N56359

Destroyed
Fatal

MOONEY M20KS/N: 25-0745

Accident Details

Date
Thursday, January 31, 2019
NTSB Number
CEN19FA078
Location
Katy, TX
Event ID
20190131X82219
Coordinates
29.740858, -95.830406
Aircraft Damage
Destroyed
Highest Injury
Fatal
Fatalities
1
Serious Injuries
0
Minor Injuries
0
Uninjured
0
Total Aboard
1

Probable Cause and Findings

The noninstrument-rated pilot's decision to continue visual flight into an area of instrument meteorological conditions (IMC), which resulted in a loss of control due to spatial disorientation.

Aircraft Information

Registration
N56359
Make
MOONEY
Serial Number
25-0745
Engine Type
Reciprocating
Model / ICAO
M20KM20T
Aircraft Type
Fixed Wing Single Engine
No. of Engines
1

Registered Owner (Historical)

Name
REGISTRATION PENDING
Address
PO BOX 773196
HOUSE
Status
Deregistered
City
HOUSTON
State / Zip Code
TX 77215-3196
Country
United States

Analysis

HISTORY OF FLIGHTOn January 31, 2019, about 1610 central standard time, a Mooney M20K airplane, N56359, was destroyed when it was involved in an accident near Katy, Texas. The private pilot was fatally injured. The airplane was operated as a Title 14 Code of Federal Regulations Part 91 personal flight.

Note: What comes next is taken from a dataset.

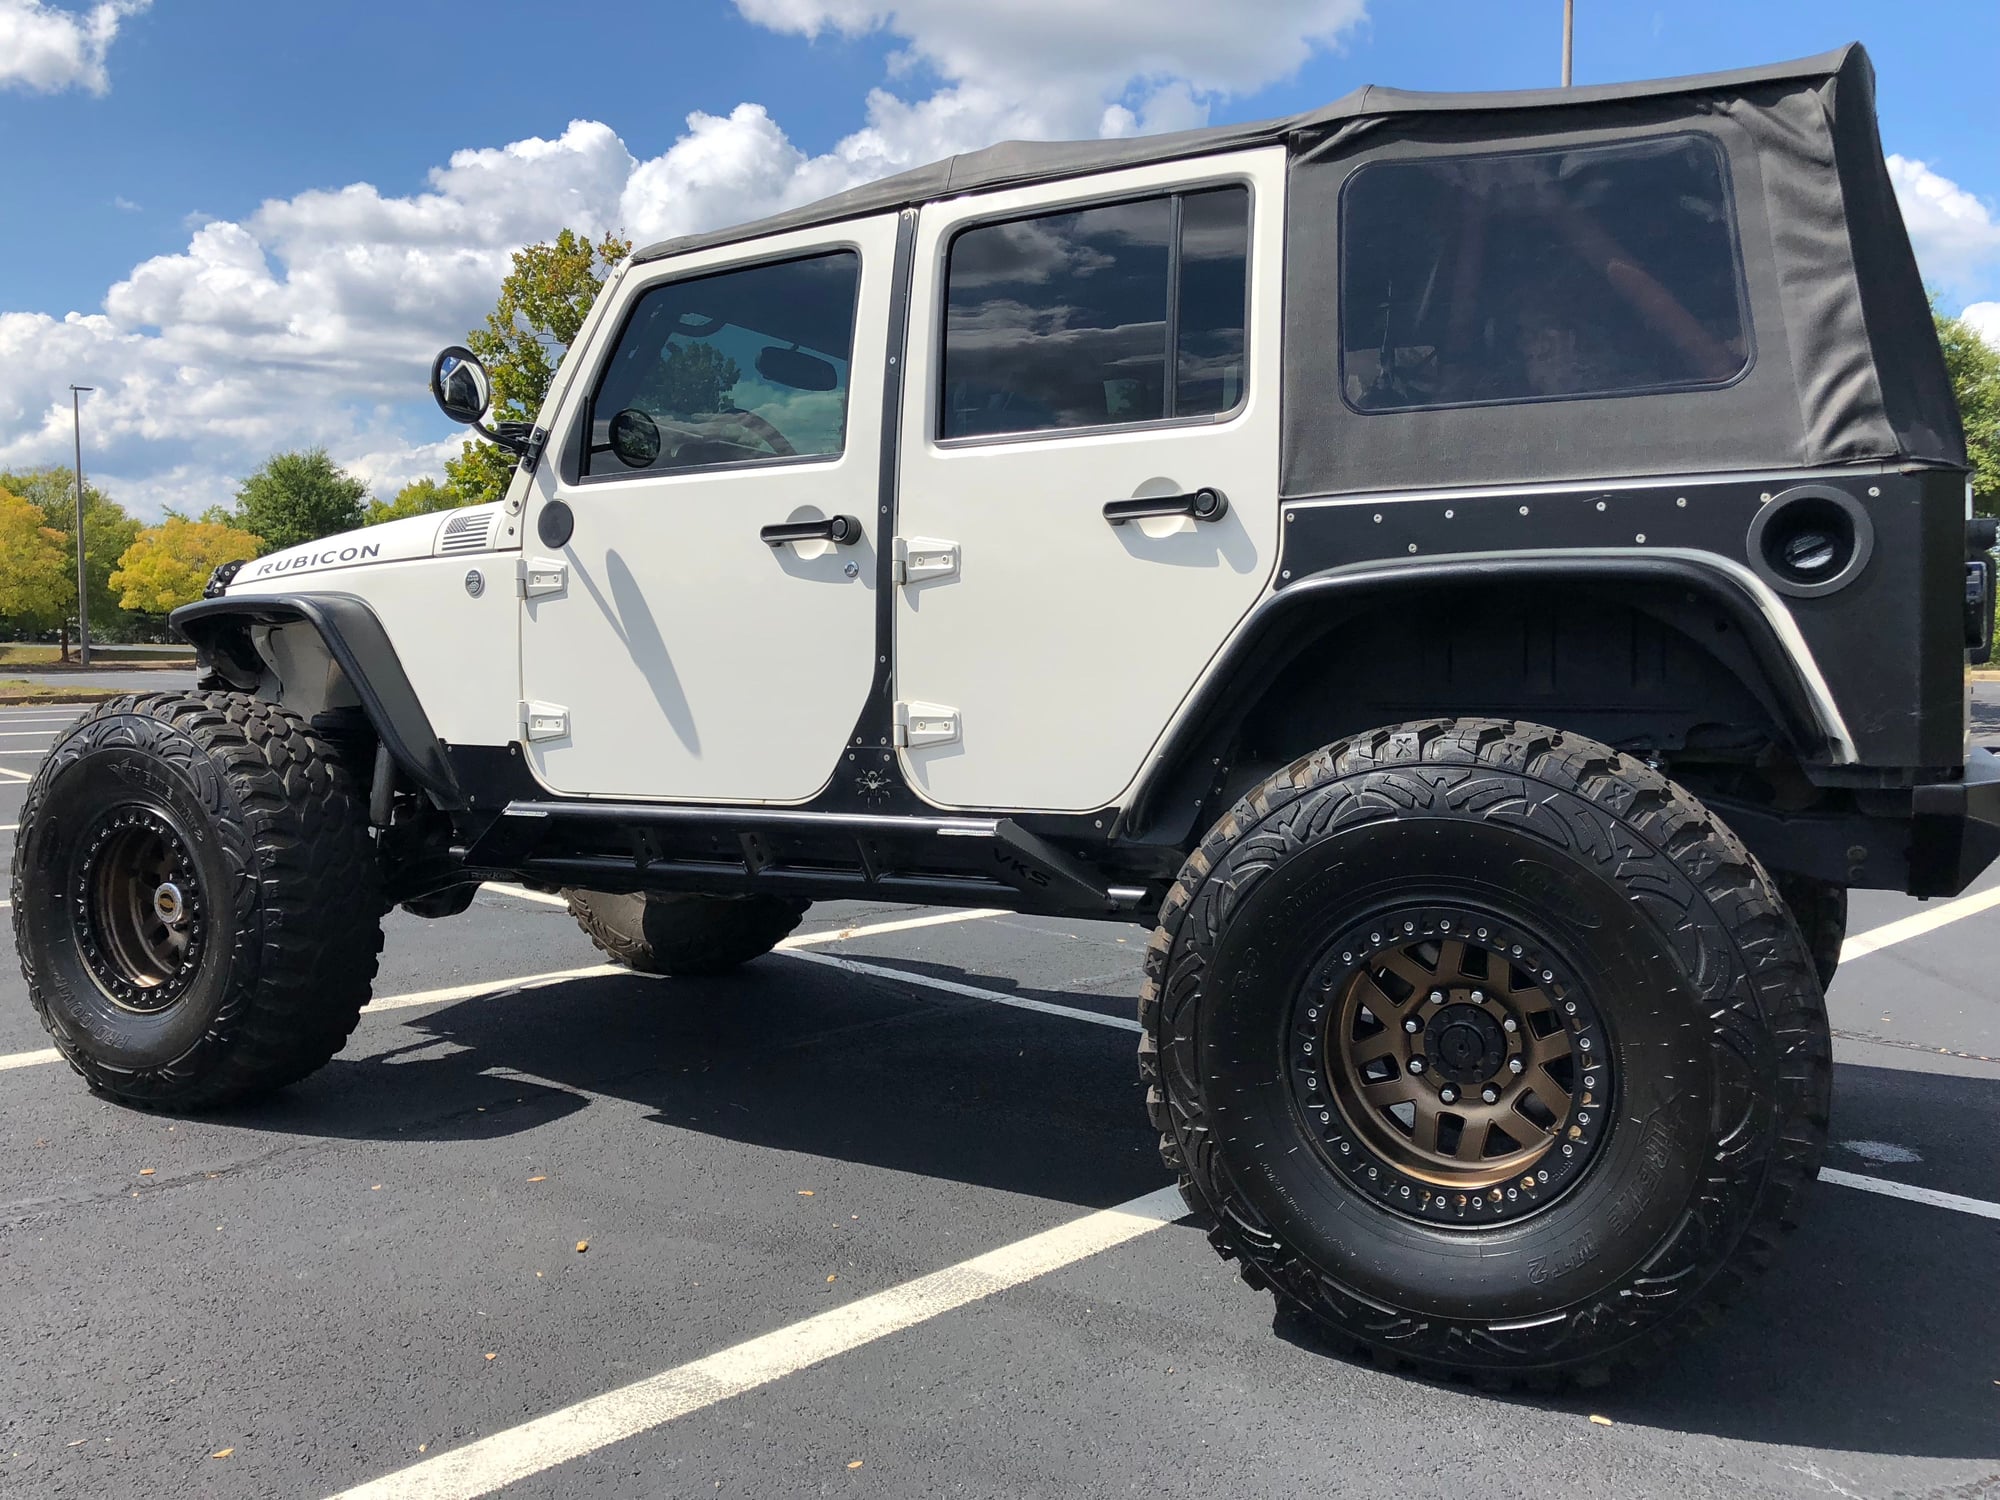 2008 Jeep Wrangler - 2008 Jeep Wrangler Rubicon Unlimited, Supercharged, Cages, Tons/40's - Used - VIN 1J4GA69198L527713 - 120,999 Miles - 6 cyl - 4WD - Automatic - SUV - White - Woodstock, GA 30188, United States

The pilot's wife reported that she and the pilot departed Rohnerville Airport (FOT), Fortuna, California, the day before the accident, and stopped in Arizona to refuel. During the landing approach, they received a low battery indication. They landed uneventfully and taxied to the ramp area to refuel. When they restarted the airplane for departure, everything appeared normal, and they continued the flight to El Paso International Airport (ELP), El Paso, Texas. About 10-15 miles from ELP, the entire instrument panel went dark, and they used flashlights to see the instruments. The pilot reported to air traffic control that they had power issues. ELP air traffic cleared the runway and they landed the airplane uneventfully. They decided to stay the night in El Paso. While at dinner, they were discussing the power issue and believed it to be an alternator problem. They made the decision that she would fly home commercially because she needed to return to work and the pilot “did not want her to go down [with the pilot] if something went wrong” during the return flight from ELP to West Houston Airport (IWS), Houston, Texas. She reported she left the pilot the next morning at 0530 to make the commercial flight.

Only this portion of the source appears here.